Material provided Block Start
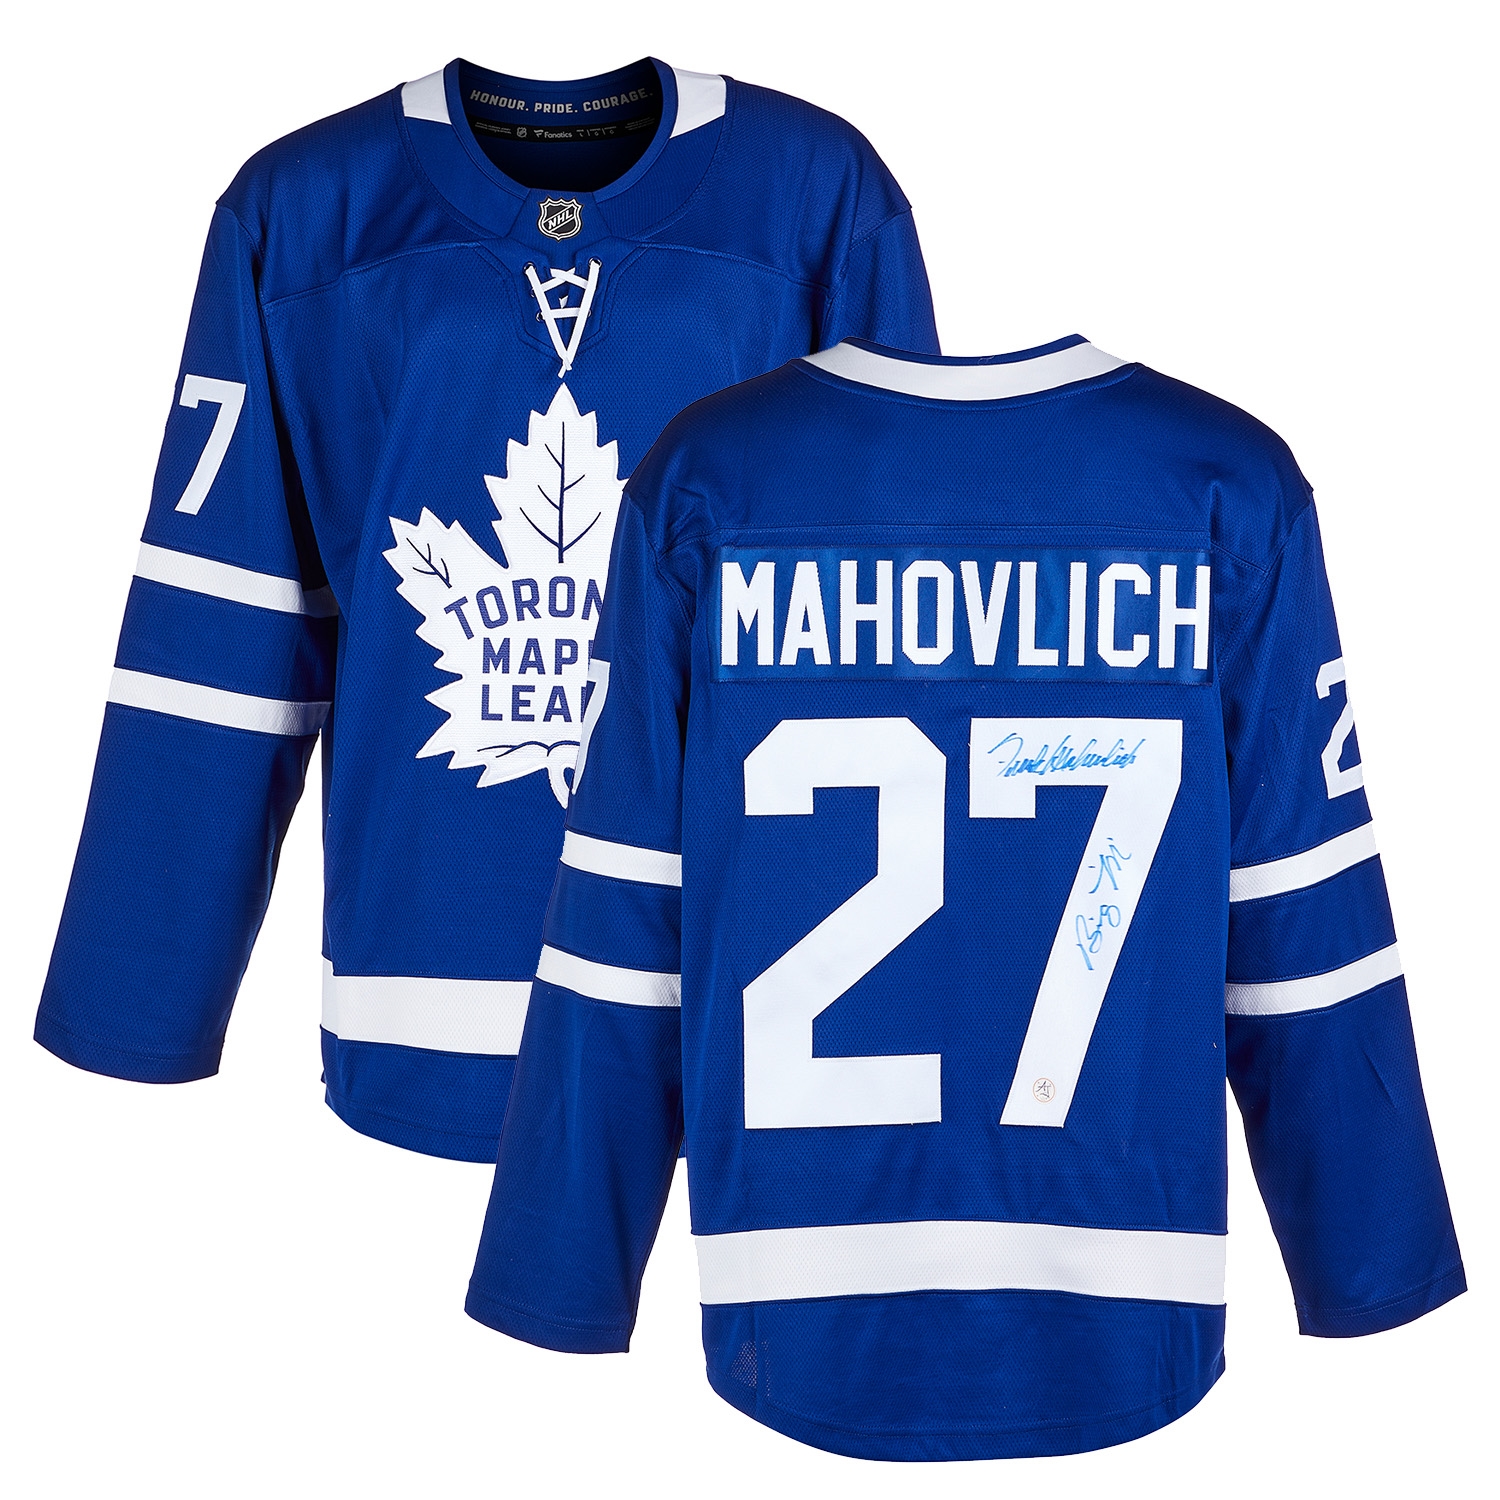 Frank Mahovlich Autographed Toronto Maple Leafs Fanatics Jersey
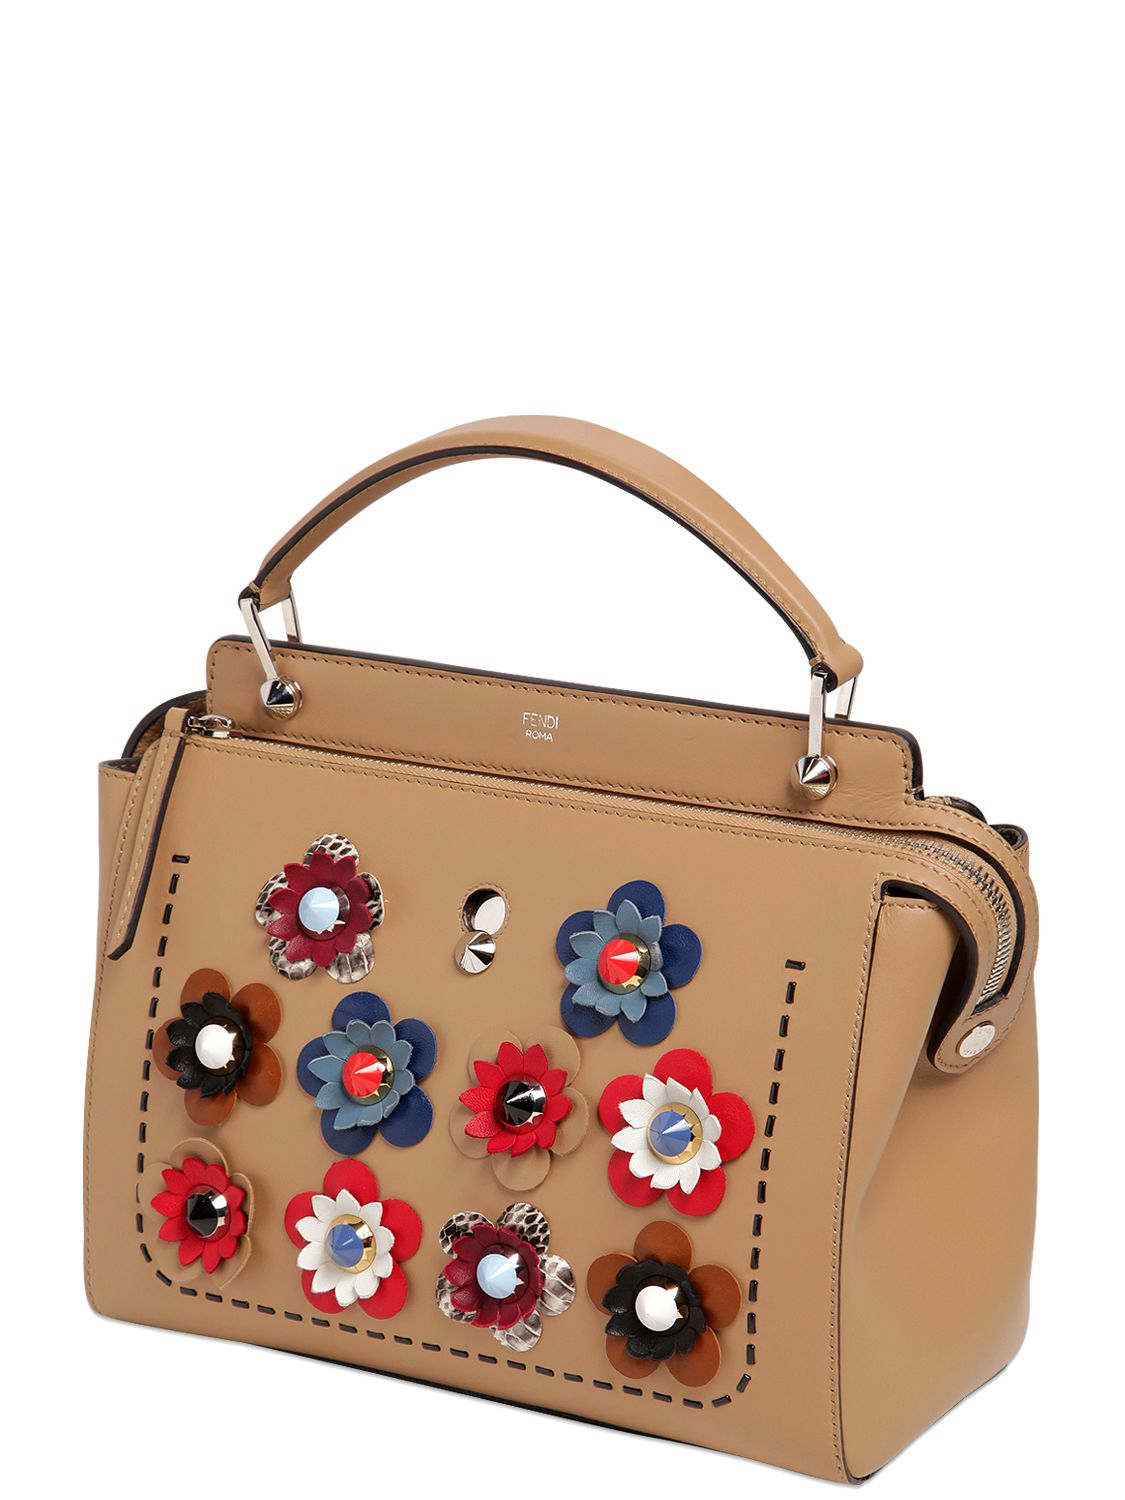 Fendi .com Flower Appliqués Leather Bag in Beige (Natural) - Lyst
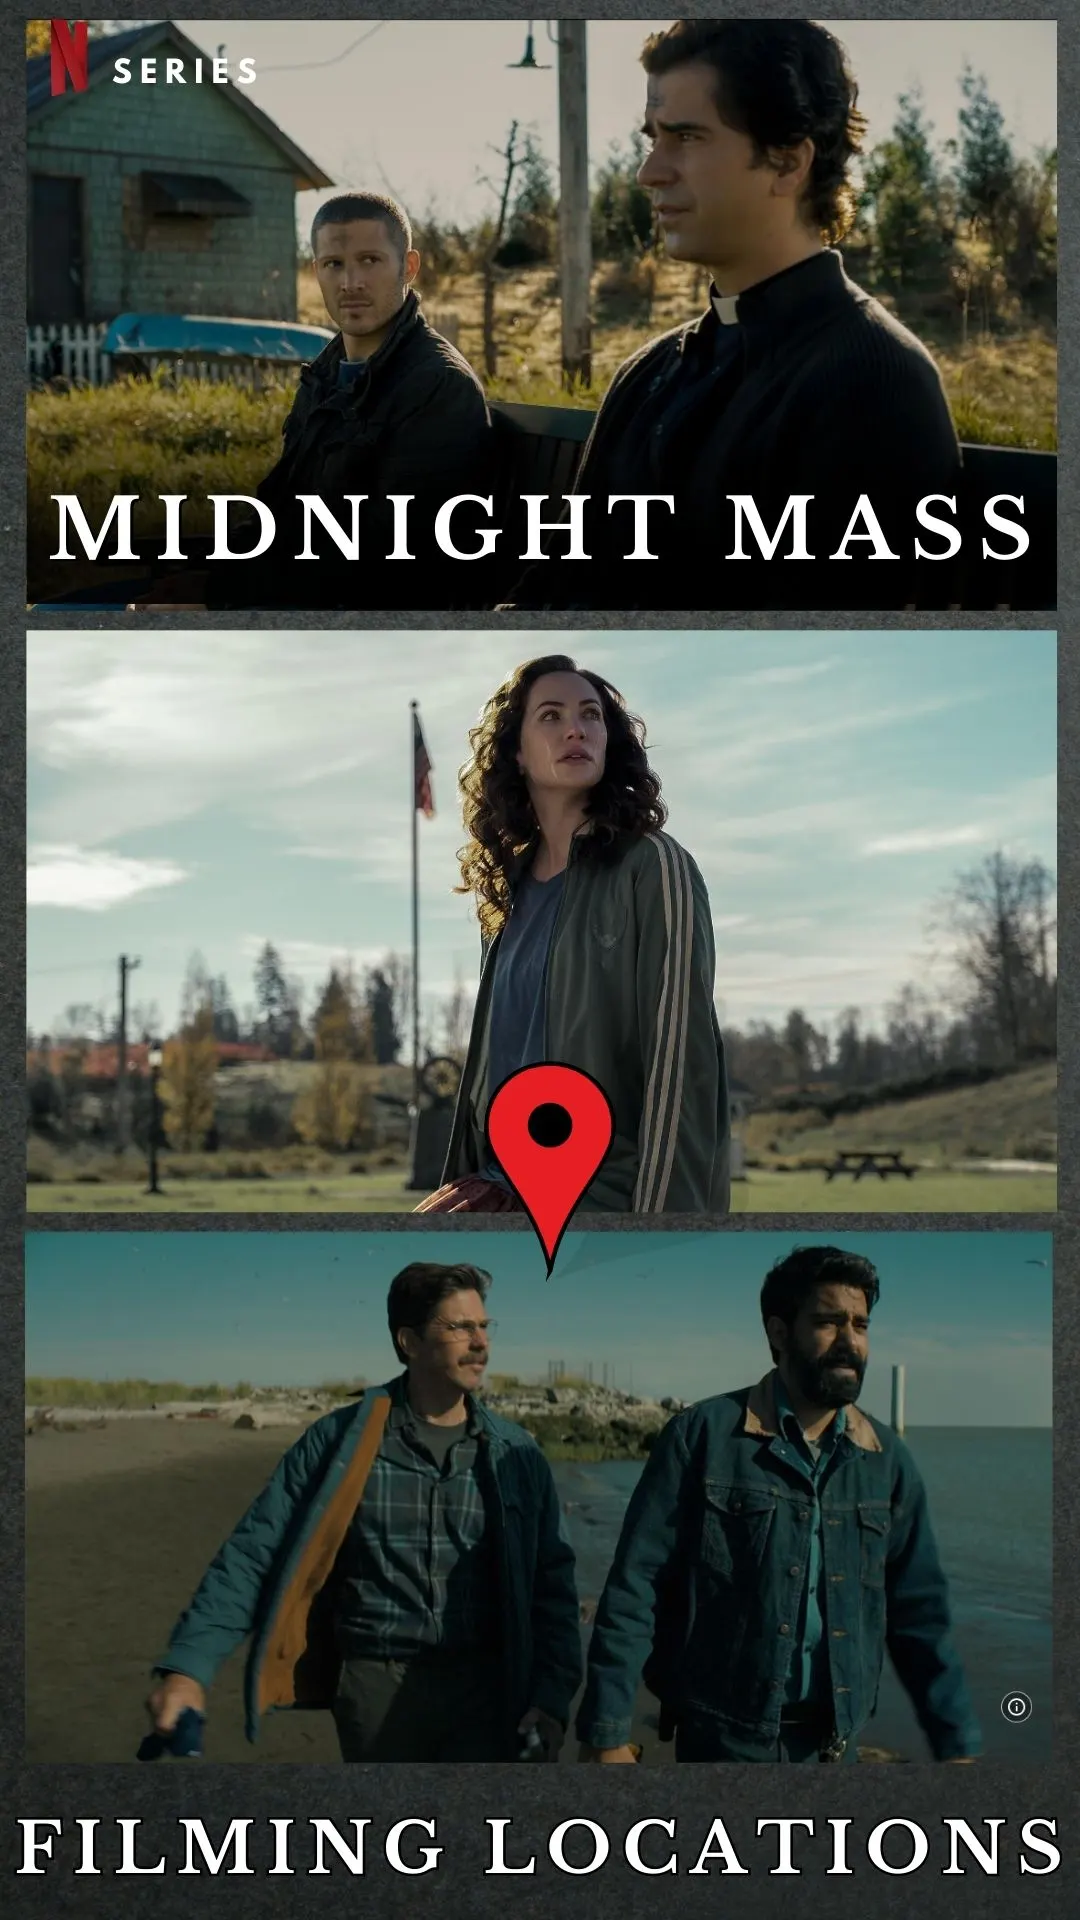 Midnight Mass Filming Locations
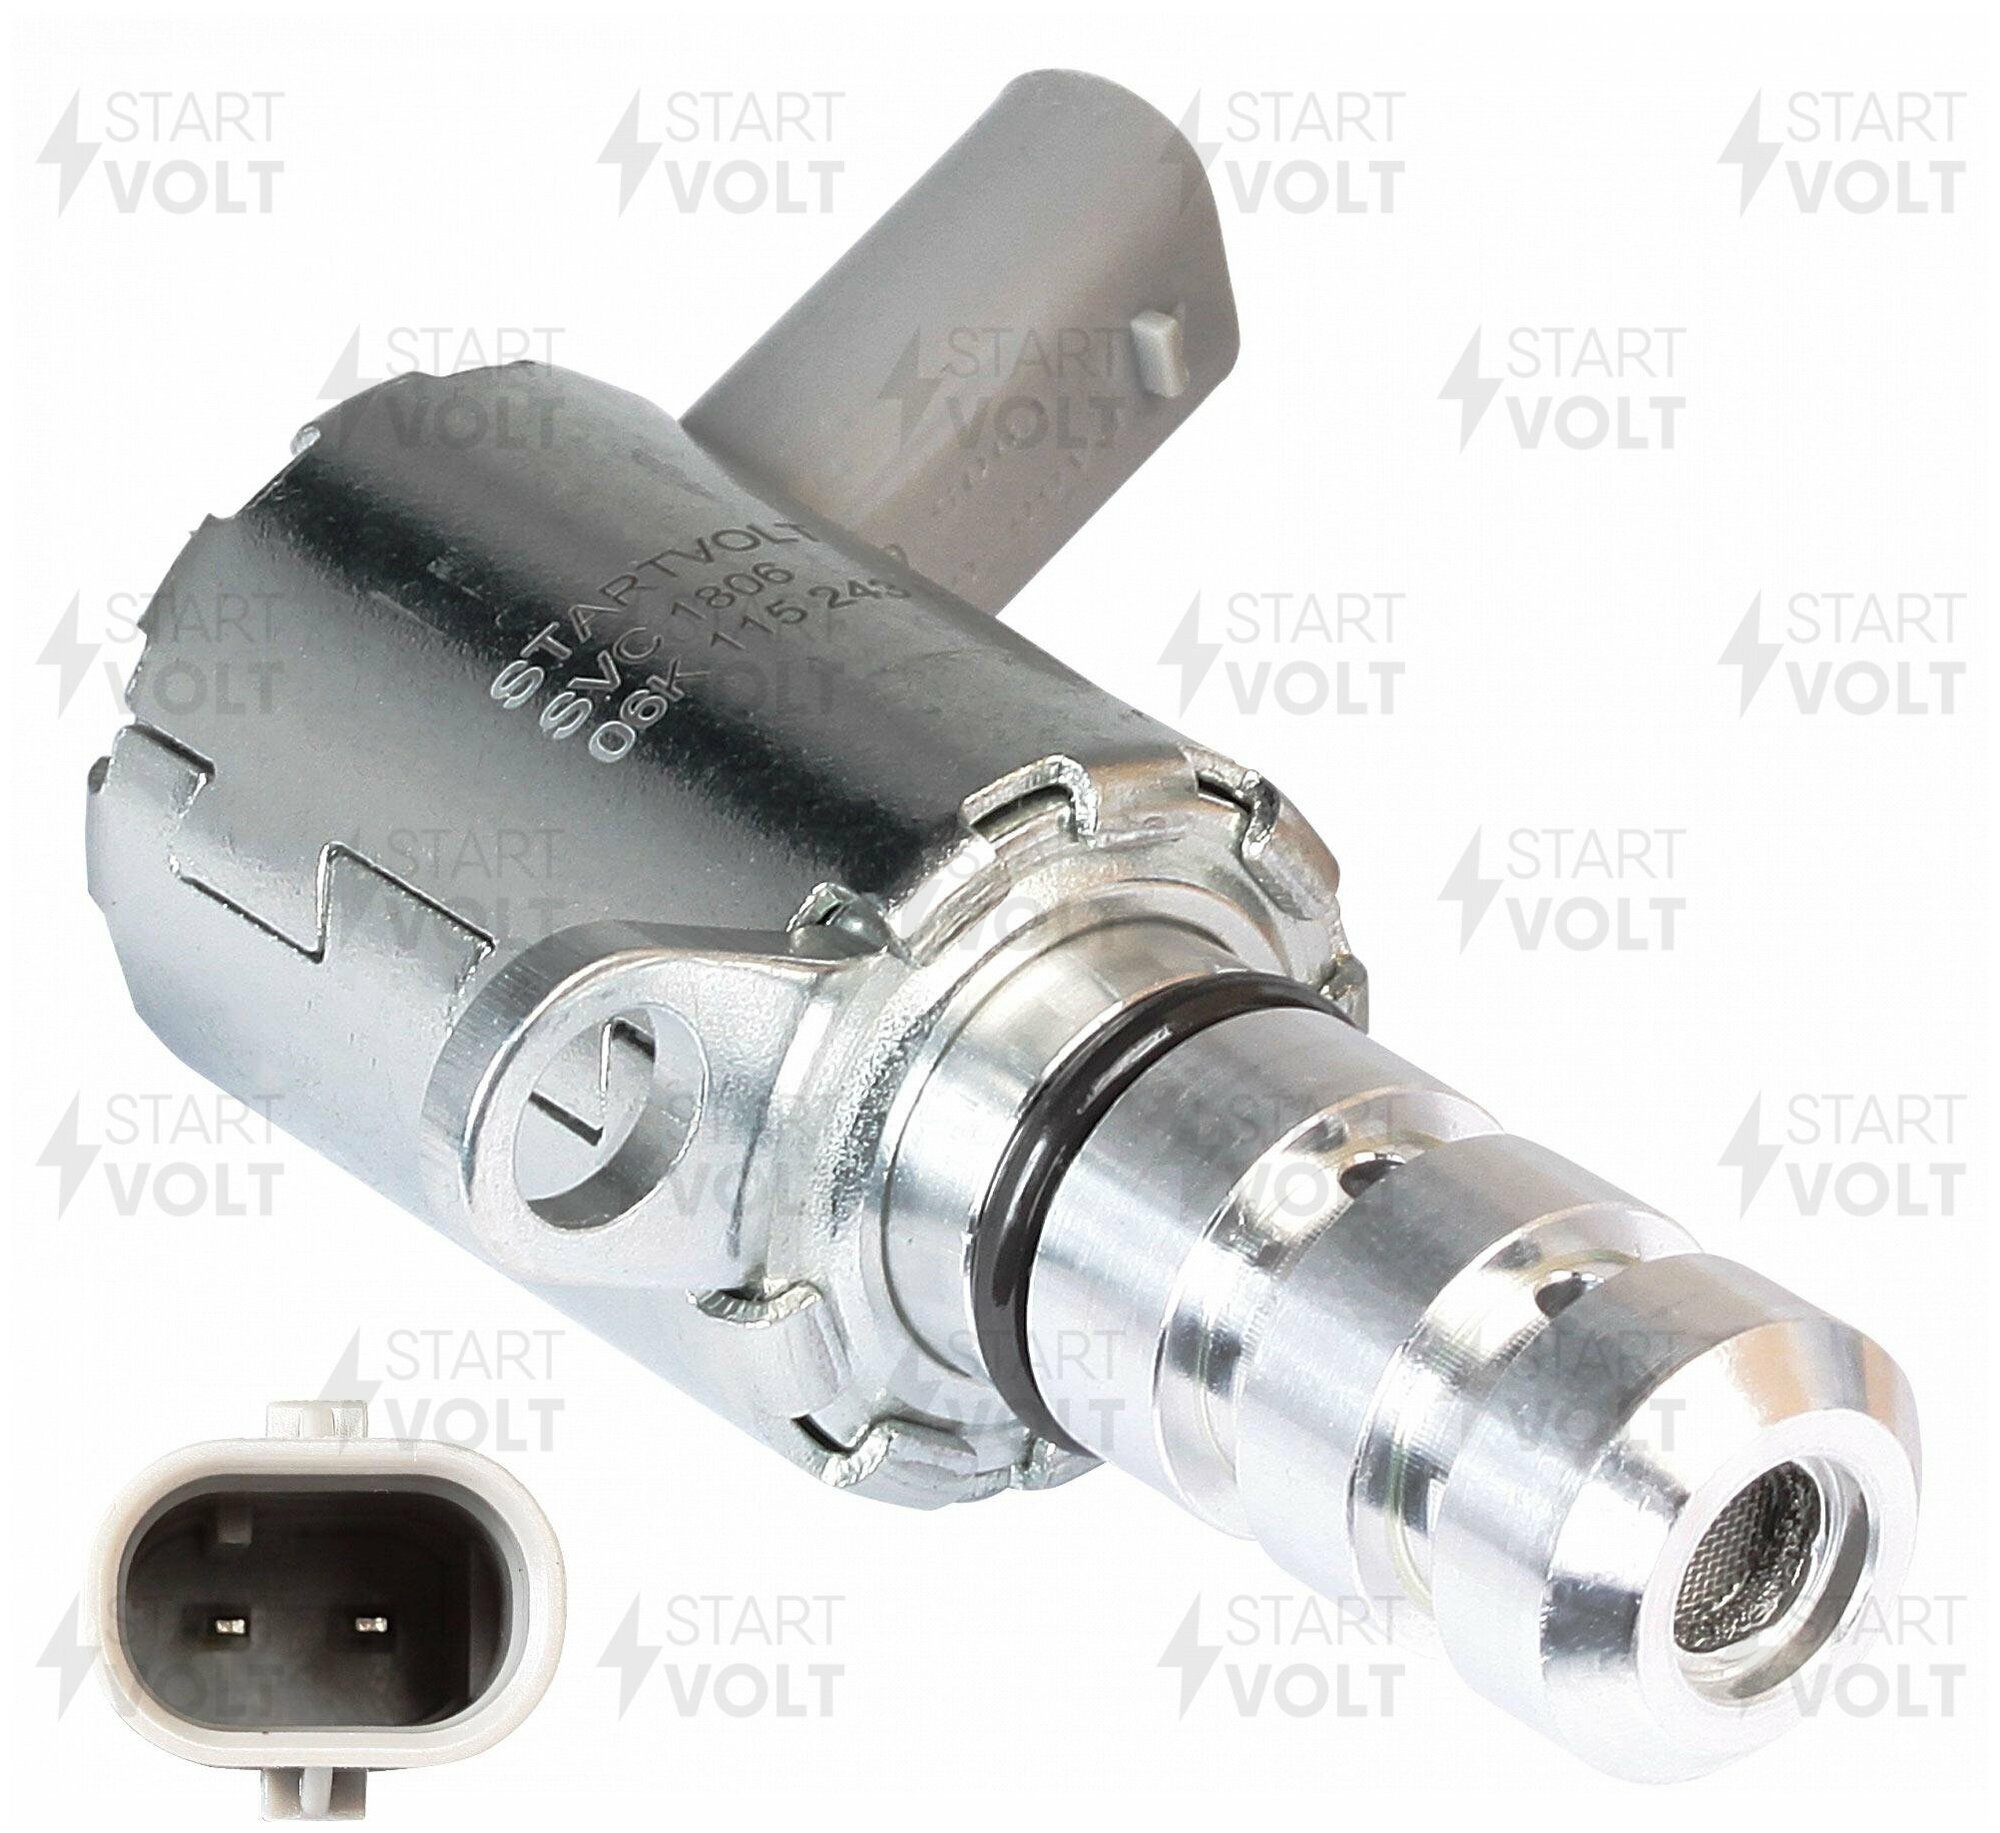 Клапан электромагнитный регулировки фаз ГРМ для автомобилей VAG Tiguan (17-)/Kodiaq (17-) 2.0TSi/TFSi SVC 1806 StartVolt
Material provided Block End
* _Task prompt_
What is wanted is the listing, written out exactly, with each picture removed.

* _Exercise response_
 Frank Mahovlich Autographed Toronto Maple Leafs Fanatics Jersey
 Fendi .com Flower Appliqués Leather Bag in Beige (Natural) - Lyst
 Midnight Mass Filming Locations
 Клапан электромагнитный регулировки фаз ГРМ для автомобилей VAG Tiguan (17-)/Kodiaq (17-) 2.0TSi/TFSi SVC 1806 StartVolt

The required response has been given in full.